Неожиданно исчезли и Субаш, и Пунджаджи. Остались лишь чистое счастье и невероятно реальное чувство всеобщей завершенности.
И в этот самый момент каким-то образом пришло знание того, что это именно то, что мое сознание уже целую вечность безуспешно жаждало обрести. Это переживание настолько неизгладимо, что по сей день, когда я вспоминаю о нем, тут же впадаю в состояние, в котором отсутствуют какие-либо мысли. Больше никто ни до него, ни после не смог дать мне такого счастья, которое не зависит от чего-то материального. Мне не надо было что-то делать, я не прикладывал для этого никаких усилий. Ощущение завершенности пришло само по себе, неожиданно, и ни от чего и ни от кого не зависело.
Возможно, мое состояние, в котором присутствовало одно лишь ощущение счастья, длилось около пяти минут. Позже, когда в присутствии Пунджаджи у меня было переживание, я стал замечать, что и другие люди погружаются в подобное состояние на несколько часов. Но время здесь не играет существенной роли. Что действительно важно, так это выход за пределы материальности даже на секунду. Однажды пережив это, ты уже не будешь прежним.
Несмотря на то что к нему в Лонду приезжали люди, чтобы поговорить о своих чудесных переживаниях, мне и в голову не приходило, что что-то подобное может произойти со мной. Я не стремился к подобному переживанию, не предпринимал никаких попыток, чтобы обрести его. Я хочу акцентировать внимание на следующем: чтобы получить милость Пунджаджи, не нужно ничего делать, лишь находиться в его присутствии. От него исходит ощутимое сияние, благодаря которому мысли и идеи отходят на второй план, а люди, находящиеся под воздействием его света, обнаруживают и раскрывают свою истинную сущность. Возможно, лучше сравнить Пунджаджи с тигром, поедающим мысли и ум тех, кто приближается к нему. И нет возможности скрыться, убежать или спрятаться на дереве. Ты стоишь в его присутствии, как парализованный, до тех пор пока в какой-то момент он не набросится на тебя, чтобы съесть.
Пережив такой опыт, я стал смотреть на Пунджаджи совершенно другими глазами. Это похоже на то, когда ты смотришь не на какую-то отдельную часть, а на все в целом. Я перестал воспринимать его как тело. Он стал для меня воплощением чистой любви. С тех пор мой страх исчез, ему на смену пришли любовь, уважение и благоговение.
Пунджаджи заботился о моем материальном благосостоянии так же, как и о духовном благополучии. Он заметил мои способности к рисованию и предложил моему отцу отправить меня в школу искусств или коммерческое художественное училище, чтобы развивать данный талант. Отец же хотел, чтобы я получил медицинское образование, но я разочаровал его, так как провалил выпускные экзамены в средней школе. Он был против моей учебы в художественном училище. Отец хотел, чтобы я пересдал экзамены и набрал достаточно балов, что позволило бы мне пойти либо в медицинский, либо в инженерный колледж.
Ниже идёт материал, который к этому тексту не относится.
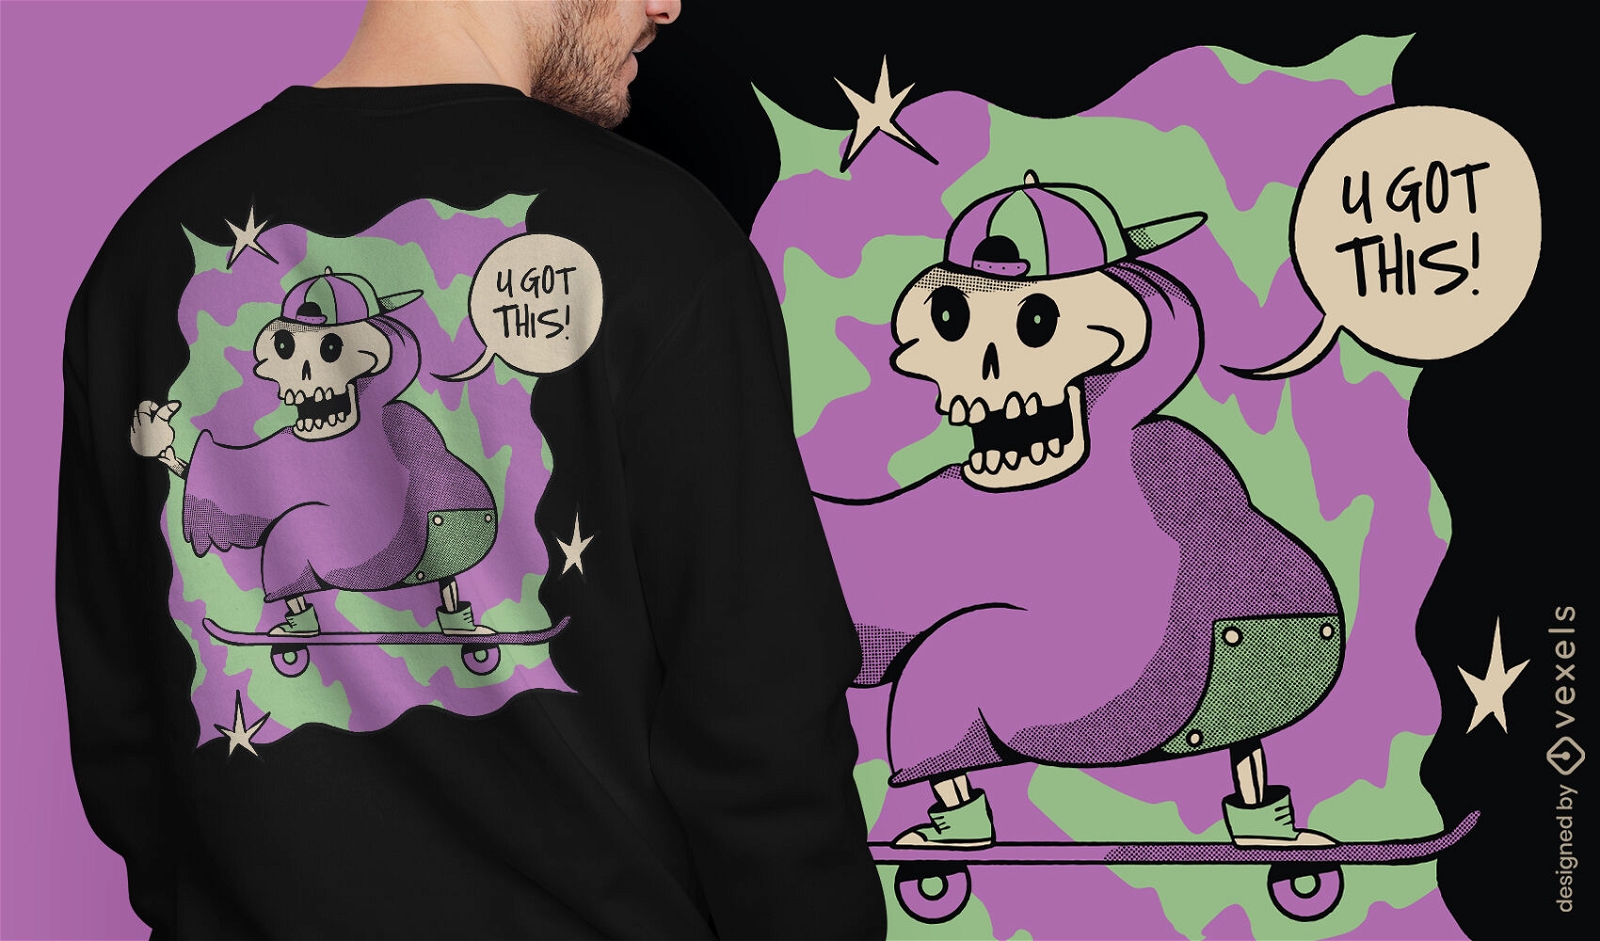 Dise?o de camiseta de skate de esqueleto motivacional.

Когда он отказался платить за мое образование в школе искусств, вмешался Пунджаджи и сказал: «Если вы не отдадите юношу в художественный колледж, я заберу его с собой в Лакнау, и он будет учиться в художественной школе там, если даже мне самому придется взять на себя все связанные с учебой расходы».
Мой отец смягчился и позволил мне заниматься искусством, сначала в Дхарваре, а затем в Бомбее. Теперь же я работаю в Бомбее, и мои работы хорошо расходятся.
Моей заслуги нет в том, кем я стал в этой жизни. Всем, что произошло со мной, и чего я достиг, я обязан милости Пунджаджи.
В начале 1996 года Пападжи наконец-то уволился из компании «Поддар-Мартин». С того самого времени он смог проводить все свое свободное время с новой группой преданных в Лонде. Где-то в это же время и доктор Даттатрея Бакр решил оставить свою практику и уволиться. Дальнейшее повествование о развитии событий пойдет от лица Пападжи.
Однажды я увидел перед Рам Мандиром нескольких пациентов. Было непохоже, чтобы за ними кто-либо присматривал.
Я поинтересовался у доктора Нараяна, сына Даттатрея Бакра: «Почему твой отец не пришел сегодня к этим больным? Они ведь ждут его». «Мой отец ушел с работы, – ответил доктор Нараян. – Он передал все свои обязательства своему ассистенту. Теперь его помощник должен заботиться об этих людях».
Такой поворот событий был достаточно странным. Я не мог понять, что послужило причиной его внезапного ухода. Эта работа была его единственным источником дохода, и кроме того, здесь не предусматривалась выплата пенсии. Во время наших с ним бесед он ни единым словом не обмолвился о своем намерении оставить работу.
Позднее, в тот же самый день, когда я нашел доктора, он сказал мне, что больше не хочет работать, поскольку желает больше времени проводить со мною. Полагаю, он надеялся, что мы постоянно будем вместе до конца наших дней. Я тоже думал, что навсегда останусь жить в Лонде после своего увольнения.
У меня был еще один преданный, проживающий в Лонде. Его звали господин Негинхал. Он был местным егерем. К тому времени как уволился доктор, он предложил мне десять акров земли на берегах реки Кали. Я принял его дар, но не ради себя. Я передал этот участок жене доктора Даттатрея и попросил его возделывать землю, чтобы она приносила хоть какой-то доход семье. Потом уже я попросил доктора построить на этой земле небольшую хижину, где бы я мог уединенно жить в лесу.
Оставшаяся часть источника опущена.